Listeria contaminations can send food processing facilities into full crisis mode with mass product recalls, federal warnings and even hospitalization or death for people who consume the contaminated products. Destroying the bacterium and stopping its spread can be challenging because of the formation of biofilms, or communities of resistant bacteria that adhere to drains or other surfaces.
Researchers at the University of Houston are reporting in the Journal of Environmental Chemical Engineering that cobalt-doped titanium-dioxide (CoO-TiO2) stops the reproduction of listeria monocytogenes in both light and dark conditions. This bacteriostatic effect could lead to bacterial control in food products that are not only sealed but also protected from light such as tetra packs, cans and dark glass or plastic bottles.
“The addition of cobalt, a heavy metal, drastically improved the effectiveness of titanium-dioxide because now it works under regular human conditions — sunlight, fluorescent light such as light bulbs and even in ‘the absence of light,’ like in a freezer,” said Francisco Robles, lead author for the study and associate professor of mechanical engineering technology.
Titanium-dioxide has long been an effective catalyst in the chemical industry with many applications, but it has limitations because ultraviolet light is needed to make it work, according to Robles. “UV light sources are in short supply in sunlight and producing it is expensive and a health hazard (e.g. carcinogen), so we set out to find a solution. Making it effective under natural light conditions is significant, and free,” he said.
A naturally occurring mineral, titanium-dioxide is often used in the food industry as an additive or whitening agent for sauces, dressings and powdered foods and is considered safe by the U.S. Food and Drug Administration. It’s also used in sunscreen for its protective effects against UV/UVB rays from the sun.

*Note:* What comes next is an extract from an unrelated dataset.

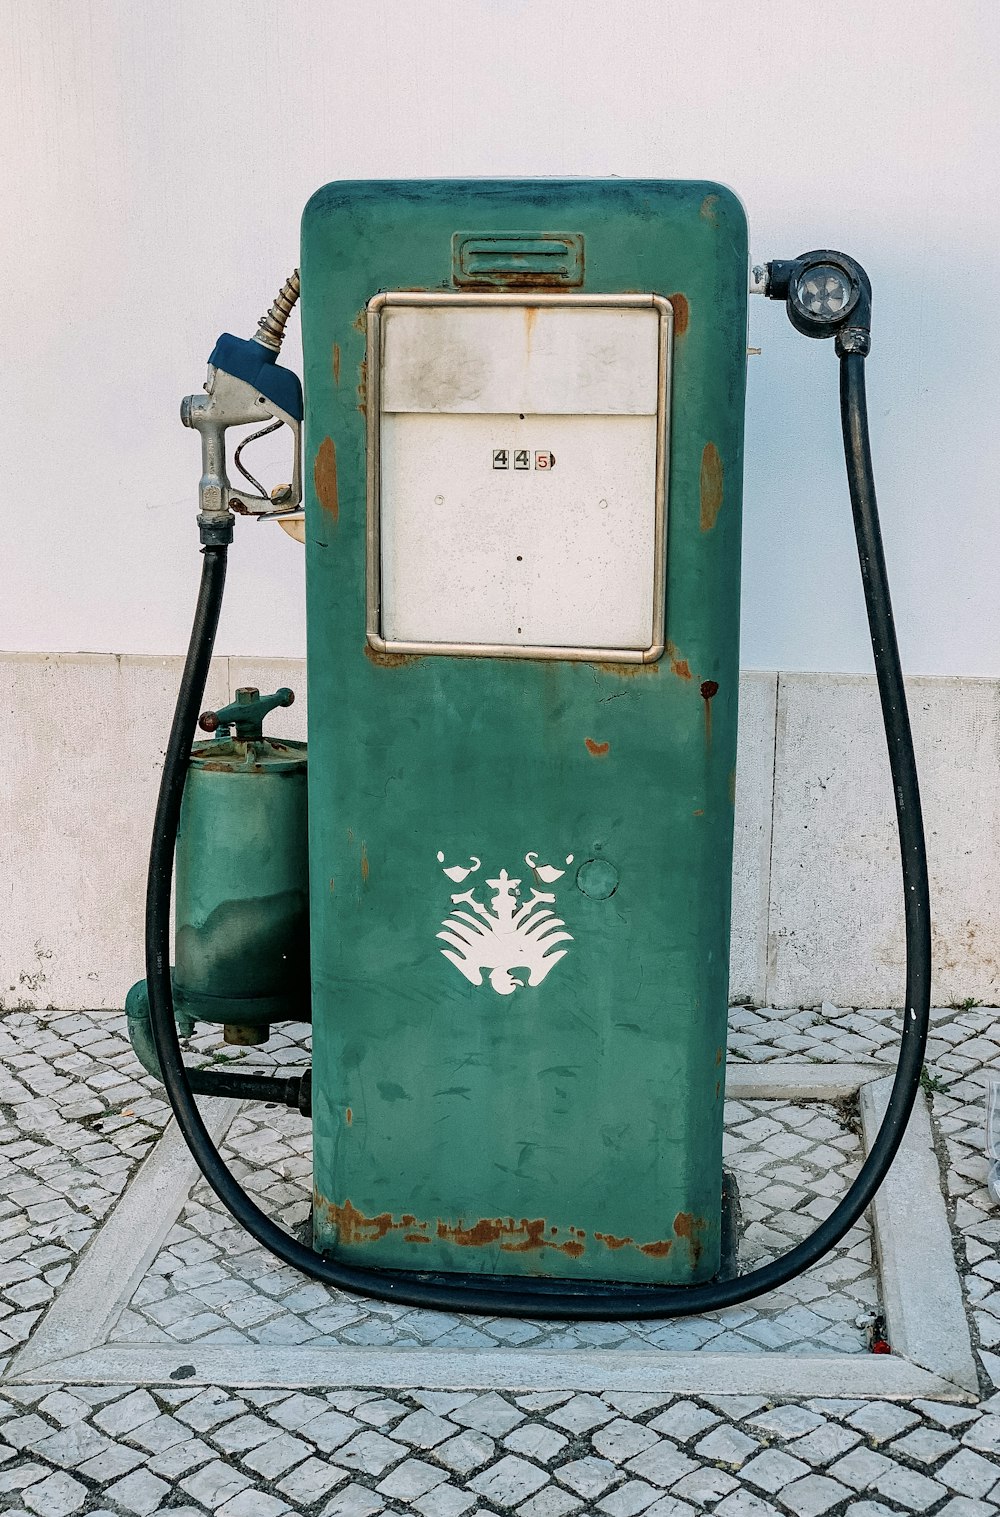 bomba de gás verde e branca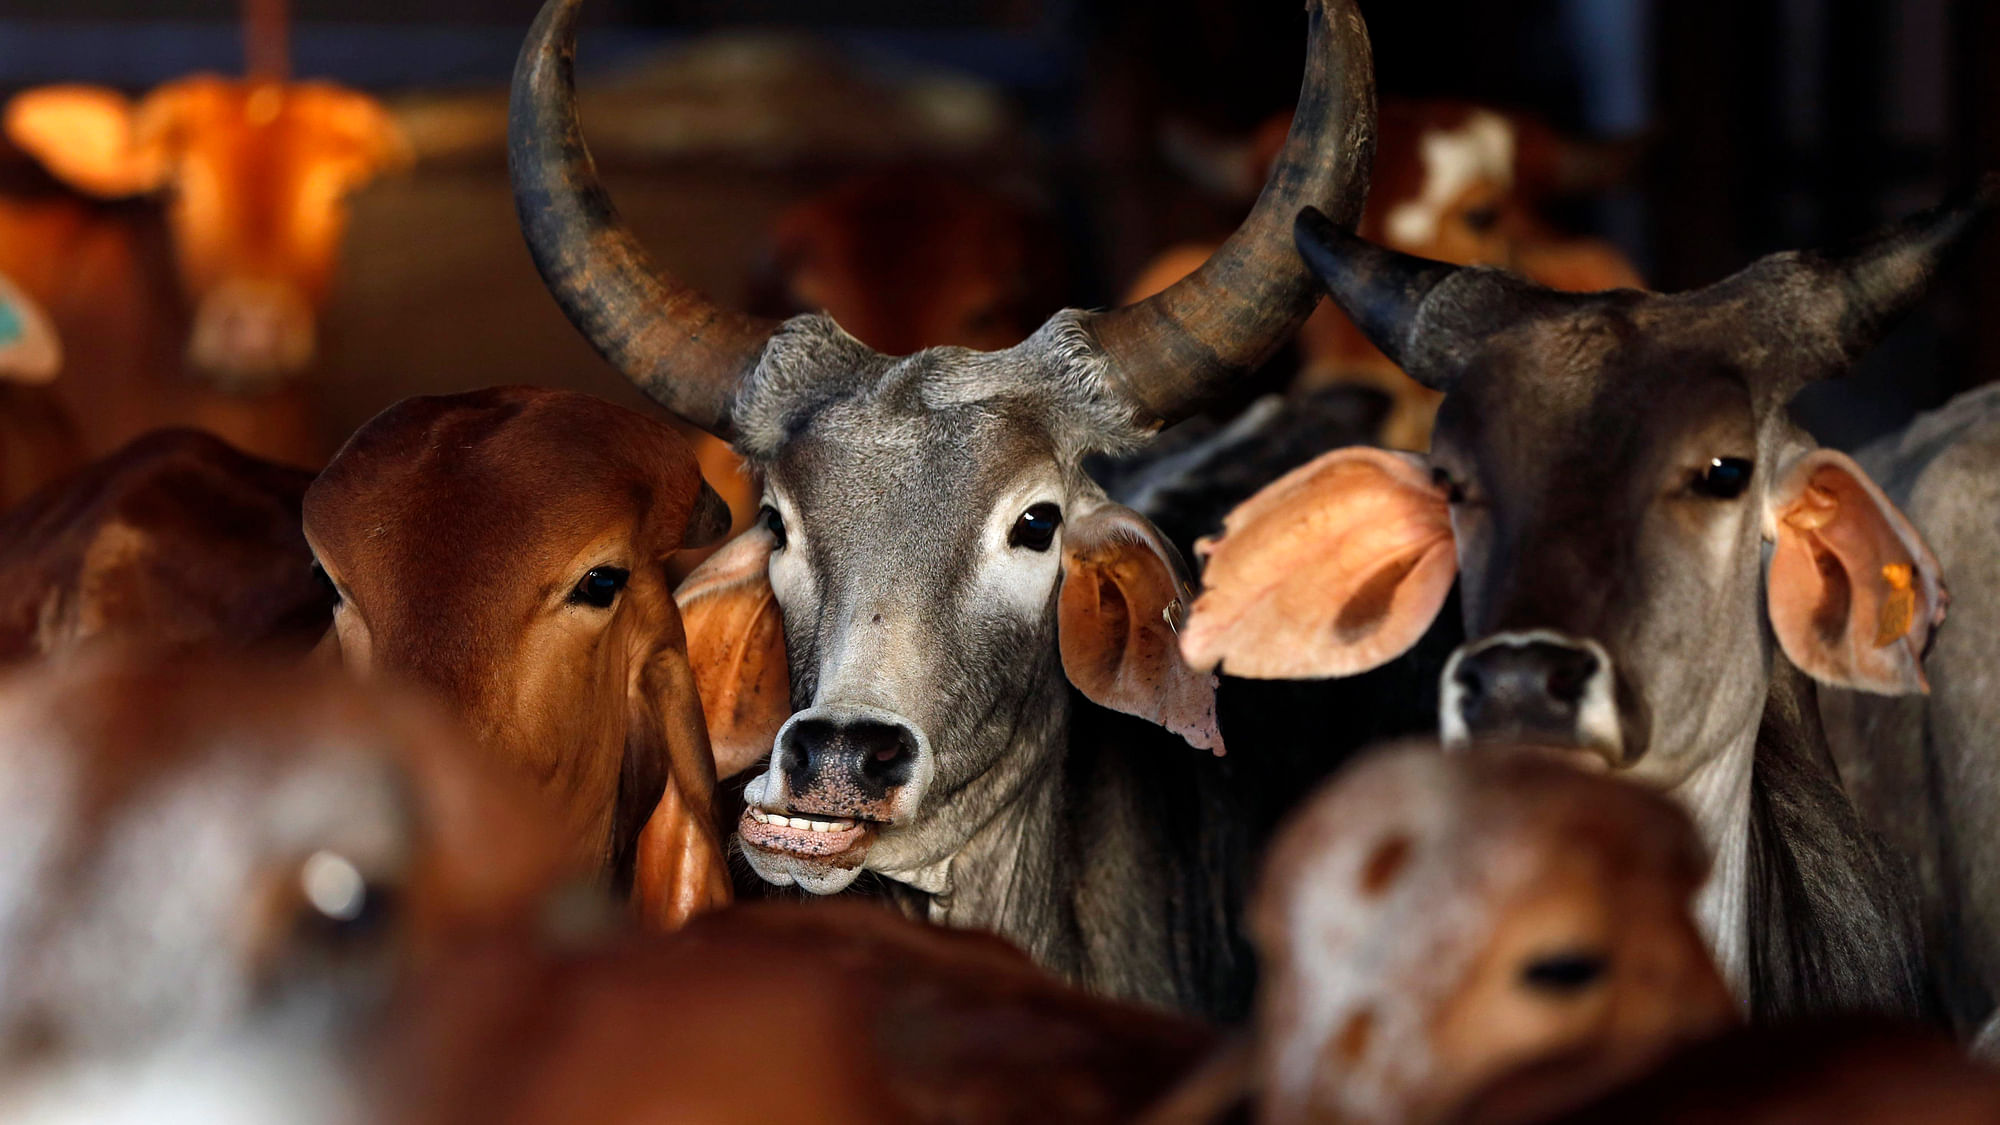 गाय को राष्ट्रमाता घोषित करने और गोमांस की बिक्री पर प्रतिबंध लगाये जाने की मांग को लेकर पहुंचे थे कार्यकर्ता. (फोटोः Reuters)

Sujata Sirsat, study co-author and assistant professor at UH’s Conrad N. Hilton College of Hotel and Restaurant Management, believes cobalt-doped titanium-dioxide, whether manufactured directly into food packaging or added to food products, could potentially reduce the risk for large listeria outbreaks in food processing environments.
“Listeria is a rare foodborne pathogen that can survive in refrigerated conditions. So, if you had a contaminated bowl of potato salad, not only can listeria survive, it can increase in numbers potentially causing a serious health issue. The cobalt-doped titanium dioxide can potentially stop the spread in its tracks,” said Sirsat, an expert in food safety and public health, who said toxicity testing is needed to determine its safety in food products.
An estimated 1,600 people get listeriosis each year from eating foods contaminated with listeria monocytogenes, and about 260 people die, according to the U.S. Centers for Disease Control and Prevention. The CDC has led investigations on 19 multistate listeria monocytogenes outbreaks involving fruits, vegetables, deli meats, cheeses and more since 2011. The infection is most likely to sicken pregnant women and their newborns, adults over 65 and people with weakened immune systems.
The researchers believe cobalt-doped titanium-dioxide could have a wide range of applications beyond bacteria control. “You could coat hospital plates with it to make them incapable of forming bacteria or coat the packaging of milk and other dairy products. You could even add it to paint to make bacteria-controlled paint. The possibilities are tremendous,” said Robles, who has been studying the effects of the chemical compound for nearly 15 years.
Sirsat and Robles are both corresponding authors of the manuscript. Other University of Houston co-authors include: Oscar Hecht, Carlos Mirabal and David A. Pepe, former undergraduate students, Department of Mechanical Engineering Technology; Wenli Yang, Robles’ doctoral student, Department of Material Science and Engineering; Jay Neal and Zahra Mohammad, Conrad N. Hilton College of Hotel and Restaurant Management; and Viktor G. Hadjiev, Texas Center for Superconductivity and Department of Mechanical Engineering.